I was astonished at this but it absolutely was the case. I don't imagine this is a Linux issue, probably some BIOS weirdness.
> Did you try power cycling the machine ?
Yes of course. I tried everything I could think of. I power cycled it, I pulled the power cord and cycled it again, I hit the reset button, I removed all extraneous connections (LAN, etc.), I tried holding down the F2 key during boot, I tried hitting the F2 key intermittently during boot, etc. etc. Nothing worked.
> Also did you ever get the bootloader press a key for menu 3-2-1 countdown ?
No. It seemed like it never even got to the boot sequence out of the BIOS. Normally as it goes through the boot sequence the BIOS puts up two-letter codes in the lower right corner of the screen, to denote where it is in the sequence. I saw none of those. It just went straight to a black screen and a flashing cursor in the upper left hand corner.

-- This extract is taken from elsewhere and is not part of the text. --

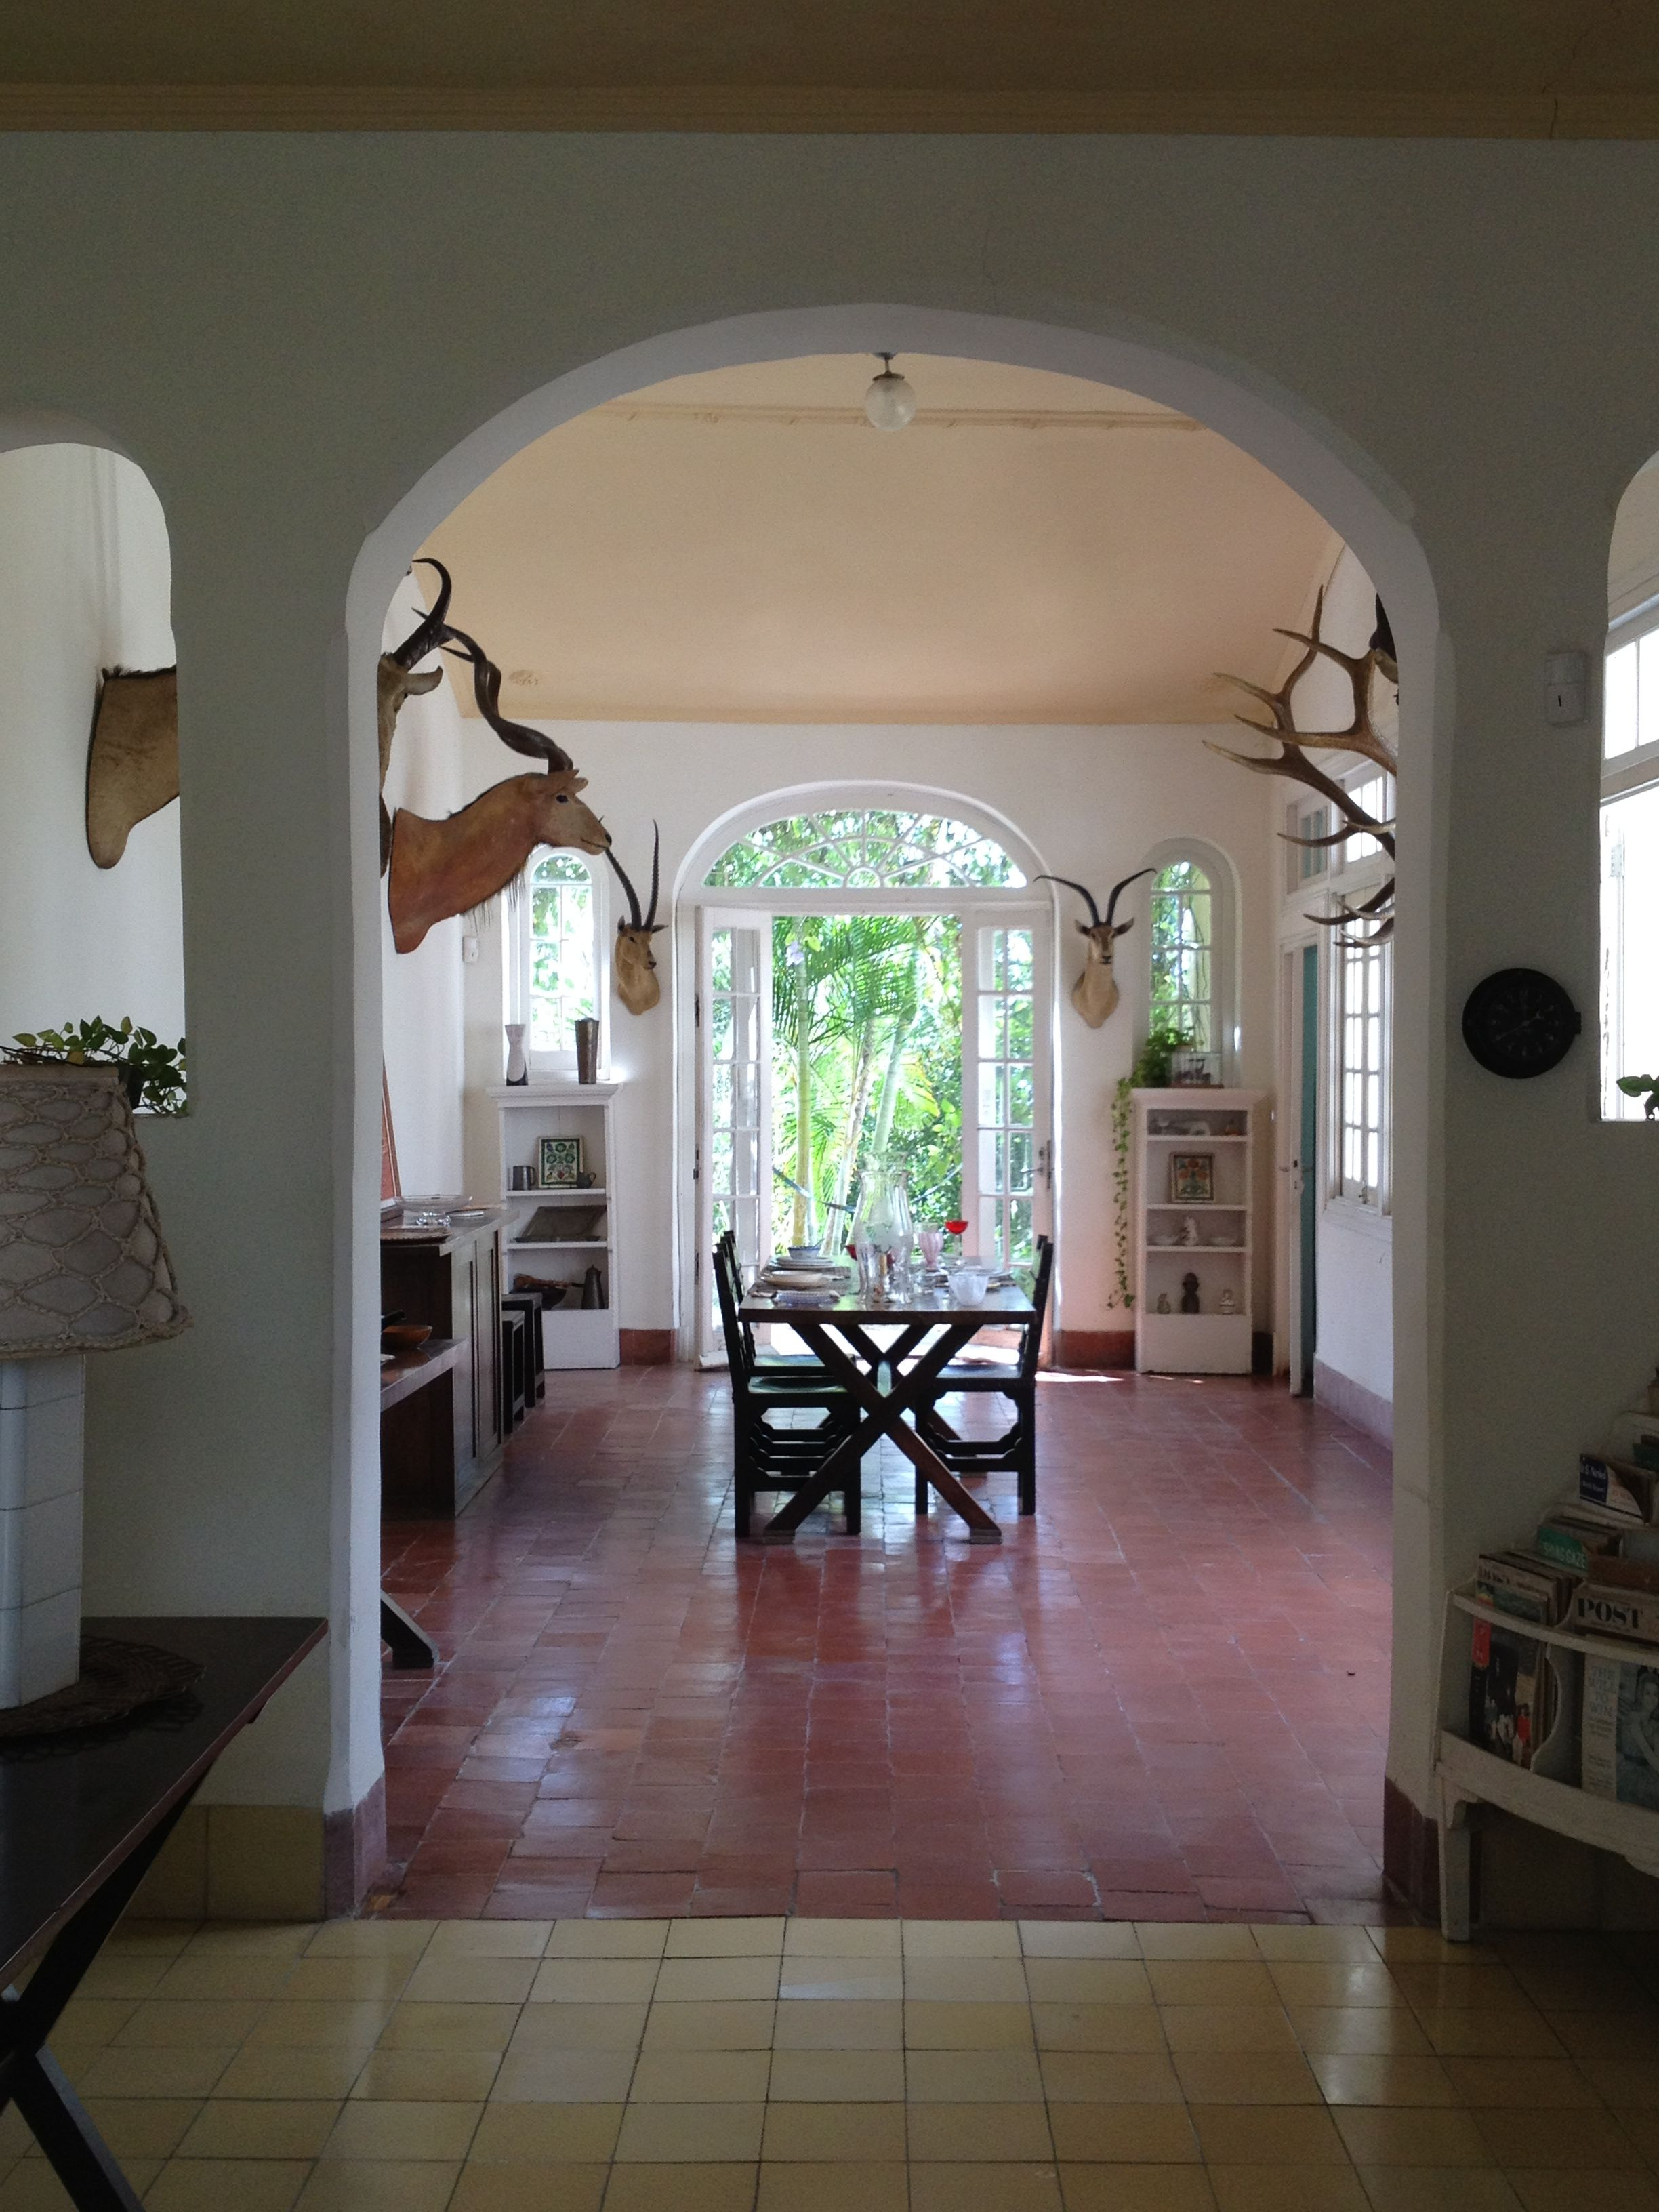 Hemingway's house in CUBA
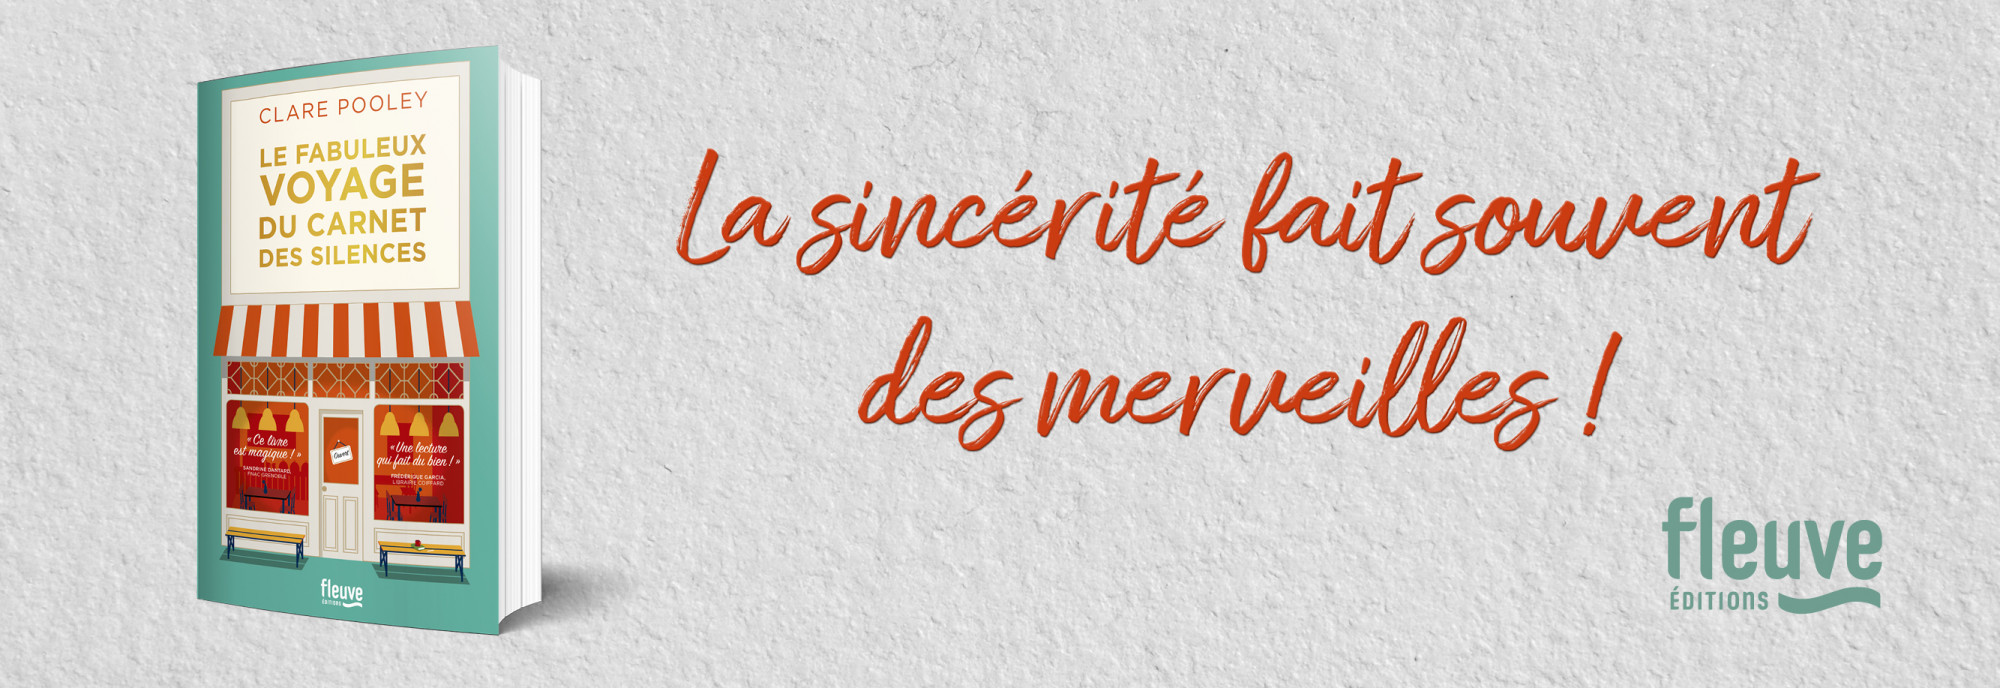 6403_1_Carnet_des_silences_-_1280x440.jpg

Can you please contact Intel about this, since you never even got to the BIOS POST this feels like a hardware issue (or bad hardware OS interaction) to me.
Intel is pretty serious about Linux support these days. If you don't manage to get a serious response from them let me know and I'll see if I can get some input from them.
Yes I will follow up with Intel.
Is there still a Fedora 11 problem here? Isn't it failing to detect my AHCI and installing IDE drivers instead?
(In reply to comment #4)
> Yes I will follow up with Intel.
> Is there still a Fedora 11 problem here? Isn't it failing to detect my AHCI
> and installing IDE drivers instead?
There might be, but in my experience F-11 will happily work with either native
SATA or AHCI driver. I've toggled AHCI on/off in the BIOS on multiple machines
and F-11 just keeps on working both when going from no AHCI -> AHCI and the otherway around.
So given that with AHCI left enabled the system wouldn't even get to POST, until
we know more there is nothing we can do.
RESOLVED. I cannot reproduce the behavior now and Fedora 11 is installing fine.
I fixed it by (1) upleveling the BIOS and (2) deleting all partitions on the hard drive and re-doing the install.
It's one of two things that caused this.
1) Downlevel BIOS which I upgraded. (I don't think it's this.,)
2) I had the boot drive on SATA port 1. I switched it to SATA port 0.
Or it could have just been something transient.